First it was Steve Cooley, running for Attorney General in California in 2010, who learned that it wasn’t a good idea to be seen as an anti-marijuana candidate in a pro-medical marijuana state. Next it was Dwight Holton, suffering the same fate in the Attorney General race in Oregon this month, beaten by pro-marijuana political organizing in the first state to decriminalize personal marijuana possession.
Now the power of the pro-marijuana vote has shifted to a decidedly non-medical marijuana state, Texas. Specifically, El Paso, just across the border from the second most violent city in the world, Ciudad Juárez, Mexico, where eight-term congressman Sylvestre Reyes just lost the Democratic primary to El Paso City Councilman Beto O’Rourke.
O’Rourke made news in 2009 when he spearheaded a resolution in the city council that called on the federal government to have a serious debate about legalization of marijuana to help combat the Prohibition War violence just over the border. After the council approved that unanimously, the mayor vetoed it. Mayor Cook said it would make El Paso a laughingstock and “I don’t think anybody thinks we should be able to run down to the corner drug store and be able to buy heroin or cocaine or methamphetamines.” As a re-vote on the resolution was prepared, the Mayor urged the “silent majority” to make their voices heard against the resolution because “I can tell you that all the pot heads have sent their e-mails and they are encouraging the reps to stand by their decision.”
That’s when Congressman Reyes stepped into the fray and lobbied the city council with threats that federal funds might be cut off to El Paso if they were to pass this resolution. Undeterred, O’Rourke to the challenge right to Congressman Reyes and now the only federal funds being cut off to El Paso is Rep. Reyes’ congressional paycheck.
On Tuesday night, El Paso voters ousted Reyes in a Democratic primary, in favor of the council member who had pushed the 2009 legalization resolution, Beto O’Rourke.
Reyes, a former border control agent who was elected to Congress in 1996, had the backing of President Barack Obama and former President Bill Clinton. Reyes brought the popular Clinton to the district to campaign for him this year and dredged up his opponent’s burglary and driving while intoxicated charges from the 1990s. It wasn’t enough.
O’Rourke didn’t give up the fight for legalization, instead challenging Reyes for his job in the 2012 primary.

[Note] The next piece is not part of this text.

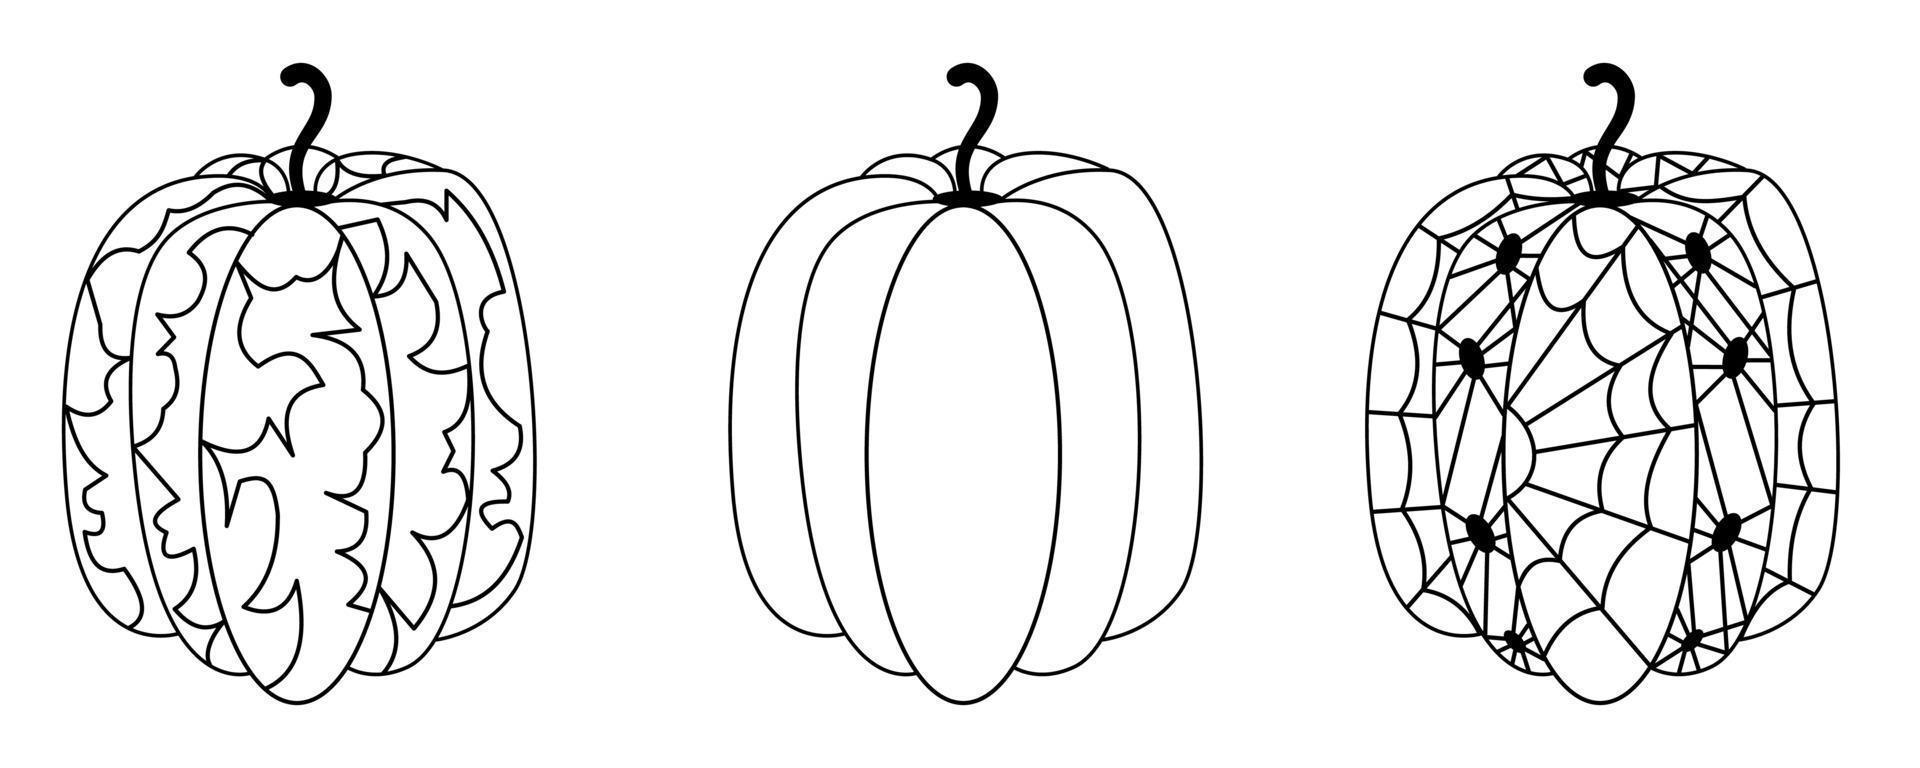 Set black and white pumpkins Halloween. Contoured pumpkins with abstract pattern, with spiders and cobwebs, simple. Vector illustration in a simple outline style for Halloween holiday, decoration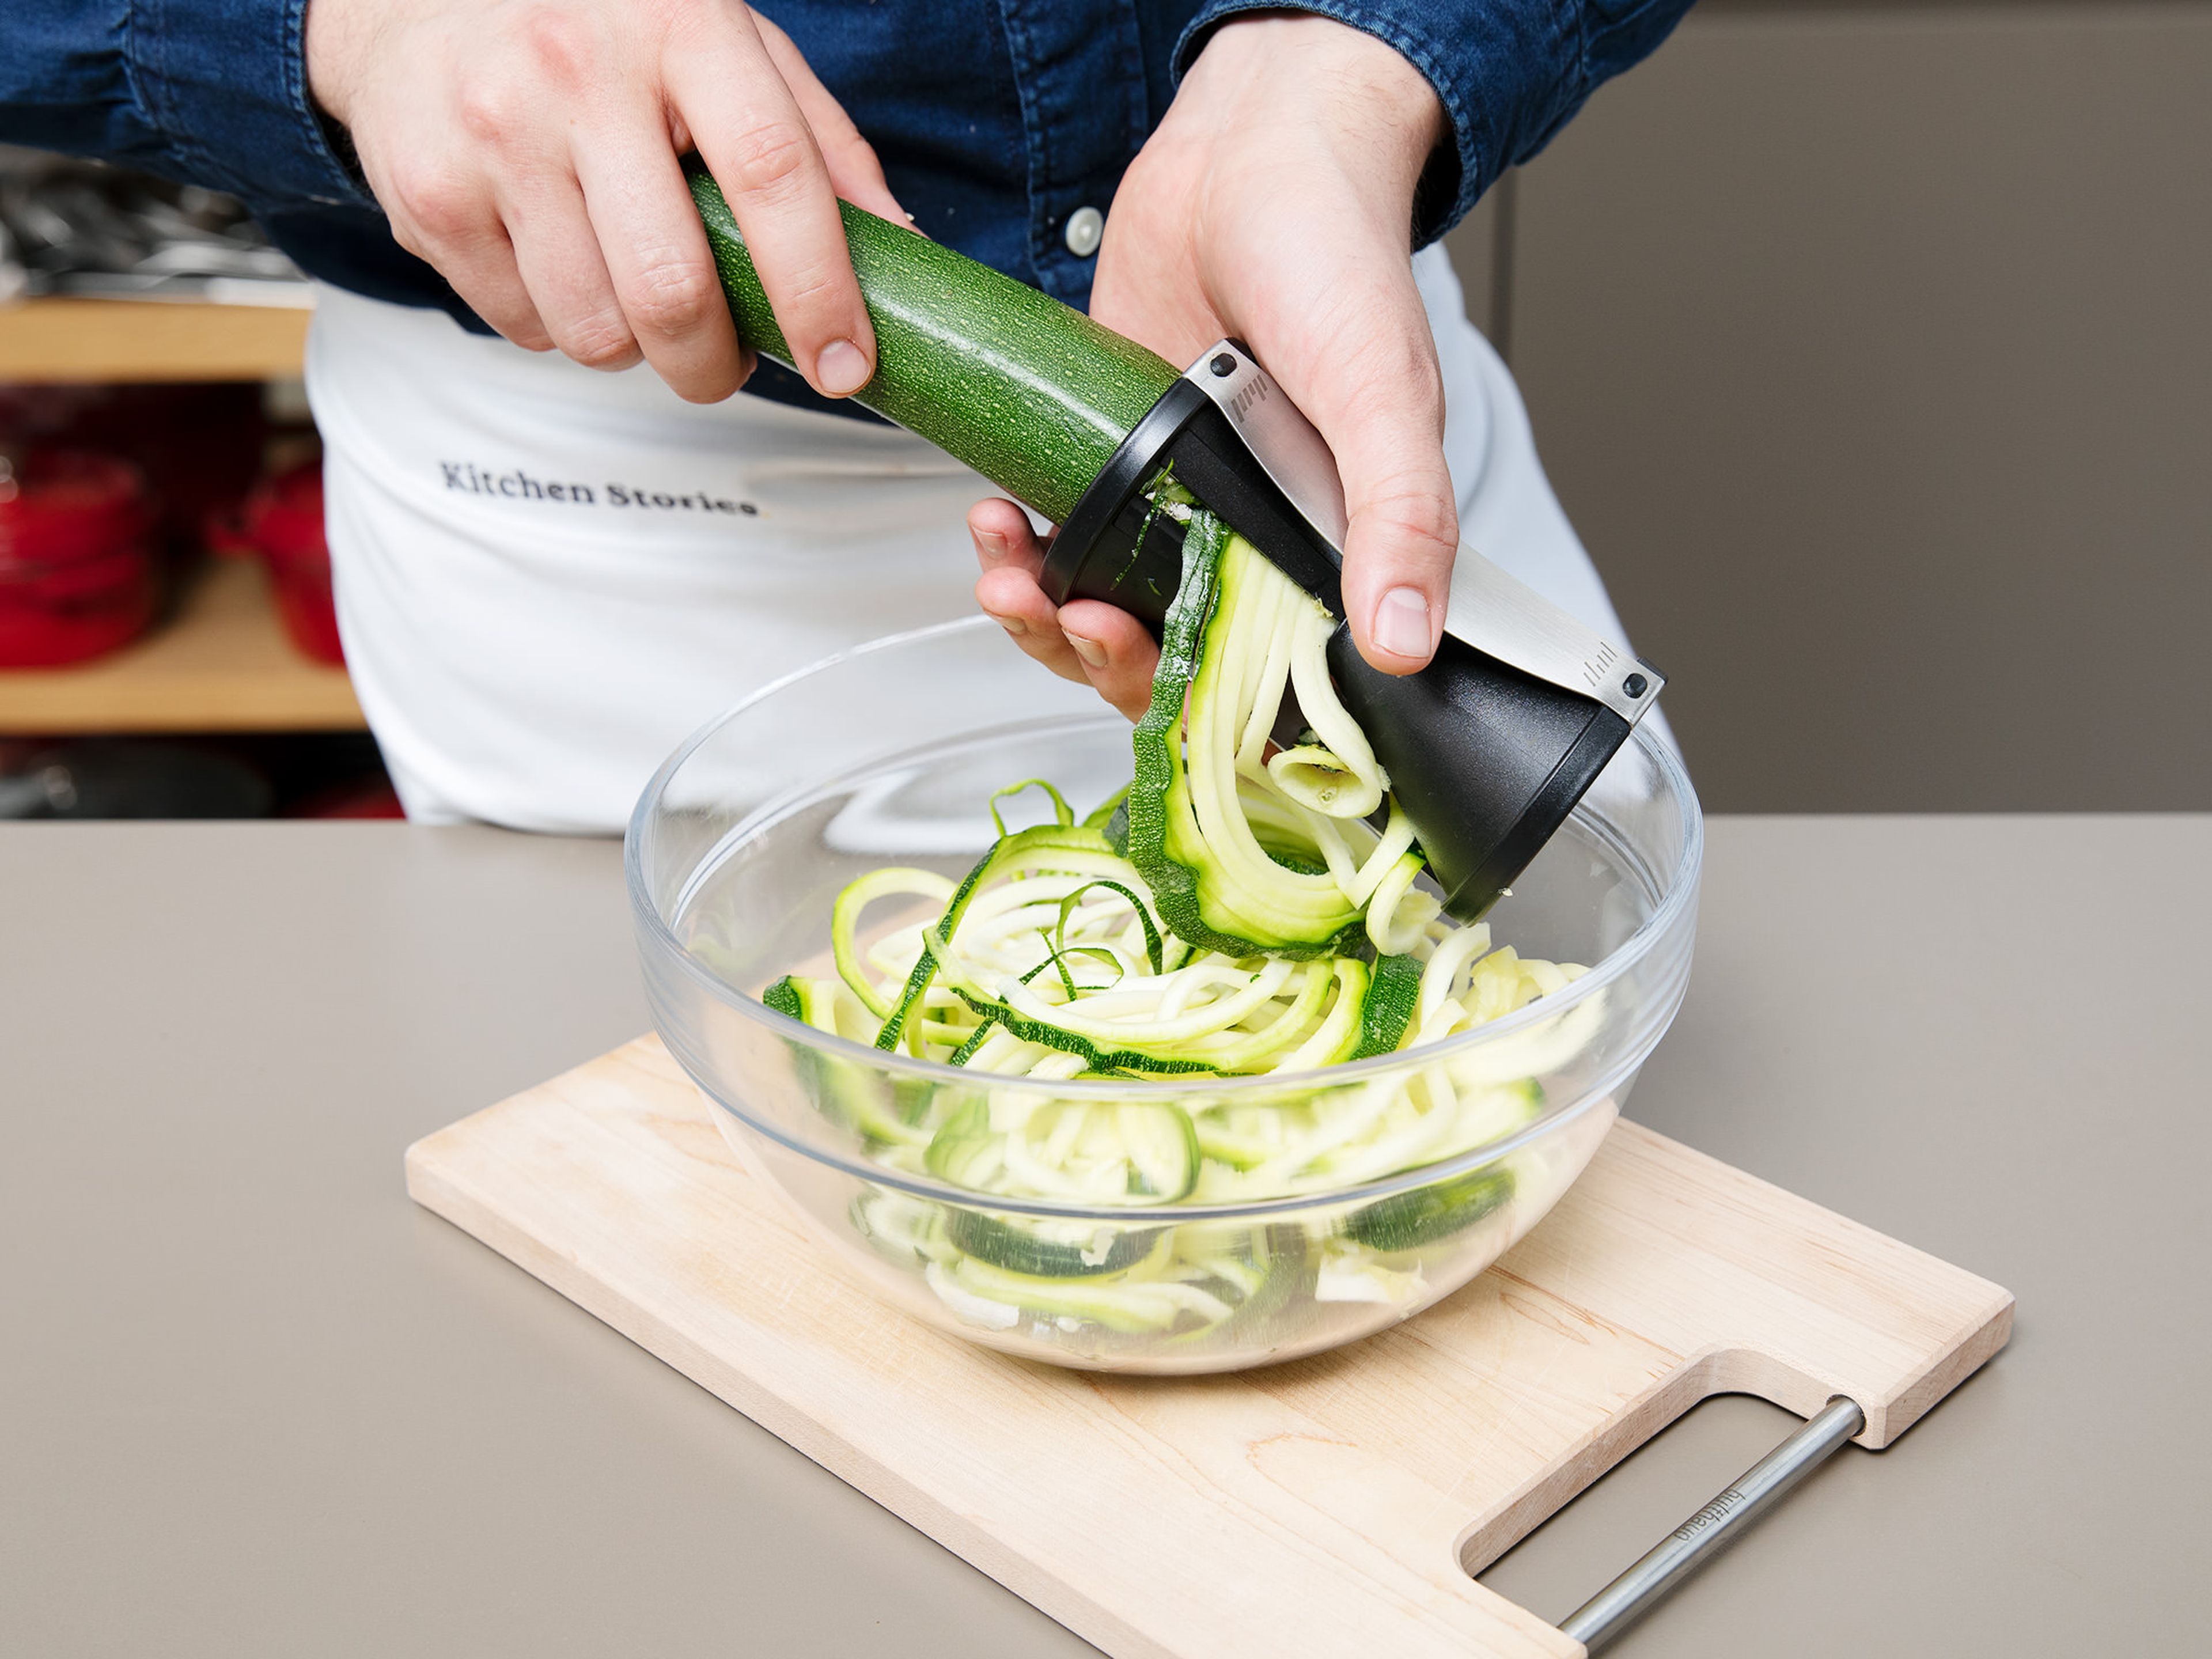 For the zoodles, trim the end off the zucchini and use a spiralizer to create zucchini noodles. Zest lime and juice. Thinly slice chili pepper, peel garlic and ginger, and chop roasted peanuts and cilantro. Heat some toasted sesame oil in a frying pan and fry the zoodles for approx. 10 min, tossing often. Season with salt and pepper, then set aside.

In April, he told HuffPost the drug war was a failure and is fueling the violence across the border.
Reyes tried to make it a campaign issue, telling voters to “Say NO to drugs. Say NO to Beto.”
They said no to Reyes.
via How Congressman Sylvestre Reyes’ Anti-Pot Lobbying Cost Him His Job.
I know many pot reformers get discouraged by politics. I hear a lot of “lesser of two evils is still evil”* and “they’re all just bought-out corporate shills”** and “the system is broken”*** and “we need third parties”**** talk. But these recent defeats of anti-reform candidates, whether it’s Cooley the Republican in a general election losing to a Democrat or Democrats like Ellen Rosenblum and Beto O’Rourke taking out DNC-backed administration-favorites like Dwight Holton and Sylvestre Reyes, provide the blueprint for serious marijuana legalizers to get their way.
It’s all about the local elections and the primaries. Certainly the pro-reform calls of El Paso voters ring louder in the city council’s office than they do the halls of Congress. Definitely the votes of a committed, organized pro-reform bloc count for more in a sparsely-attended May primary election than a heavy-turnout presidential election. If you really want marijuana legalized, learn the lesson the conservatives did when they were at their nadir in the Goldwater years – build your movement from the school boards on up, not the president on down.